Читаем Повести о прозе. Размышления и разборы полностью

«Сражаясь отдельными массами из-за баррикад, без общего плана, без знамени, без предводителей, едва зная против кого и совсем не зная за кого и за что, народ тщетно посылал к представителям нации, недавно заседавшим в абонированной камере: этим представителям было не до того; они чуть не прятались по погребам, бледные, трепещущие. Когда дело было кончено ревностию слепого народа, представители повыползли из своих нор и по трупам ловко дошли до власти, оттерли от нее всех честных людей и, загребая жар чужими руками, преблагополучно стали греться около него, рассуждая о нравственности. А народ, который в безумной ревности лил свою кровь за слово, за пустой звук, которого значения сам не понимал, что же выиграл себе этот народ? — Увы! тотчас же после июльских происшествий этот бедный народ с ужасом увидел, что его положение не только не улучшилось, но значительно ухудшилось против прежнего. А между тем, вся эта историческая комедия была разыграна во имя народа и для блага народа!»[180]

Русский критик учил русского читателя и писателя тому, чего еще не понимал Эжен Сю: «…что зло скрывается не в каких-нибудь отдельных законах, а в целой системе французского законодательства, во всем устройстве общества»[181].

Приближался конец первой половины XIX века. Шестьдесят лет прошло с того времени, когда на улицах Москвы, узнав о взятии Бастилии, целовались незнакомые.

Первая французская революция заключила XVIII век, победила, исчерпалась. После нее над миром прошли войны Наполеона, его презрение к обычному человеку и к идеалу; обострилась борьба за богатства.

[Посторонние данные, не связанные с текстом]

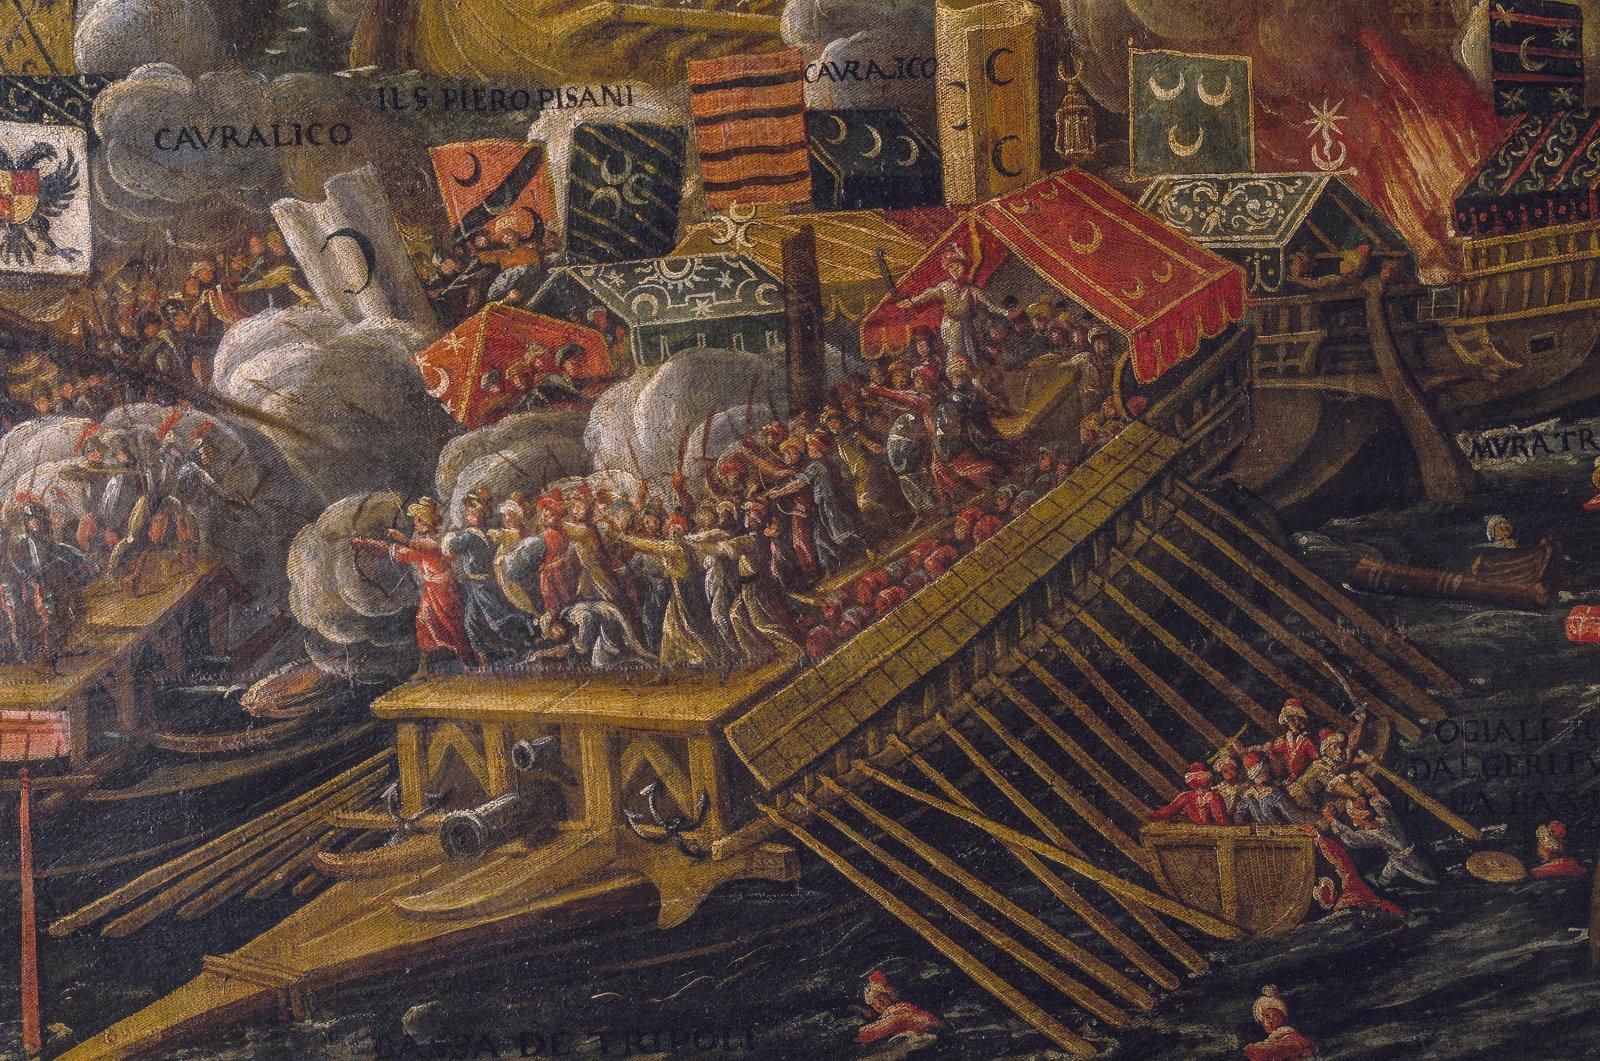 Battle of Lepanto: Indecisive maritime defeat of Ottoman Empire

Великое разочарование овладело человечеством. Оно осталось бедным, несчастливым и обманутым.

Вот что писал Достоевский о Великой французской революции, связывая ее неудачи с появлением байронизма, с новой надеждой человечества — социализмом. (Статья написана в 1877 году.)

«После исступленных восторгов новой веры в новые идеалы, провозглашённой в конце прошлого столетия во Франции, в передовой тогда нации европейского человечества наступил исход, столь не похожий на то, чего ожидали, столь обманувший веру людей, что никогда, может быть, не было в истории Западной Европы столь грустной минуты… Новый исход еще не обозначался, новый клапан не отворялся, и все задыхалось под страшно понизившимся и сузившимся над человечеством прежним его горизонтом. Старые кумиры лежали разбитые. И вот в эту-то минуту и явился великий и могучий гений, страстный поэт»[182]. Таким гением Достоевский считал Байрона.

Стояло рядом в первой половине прошлого столетия женское имя.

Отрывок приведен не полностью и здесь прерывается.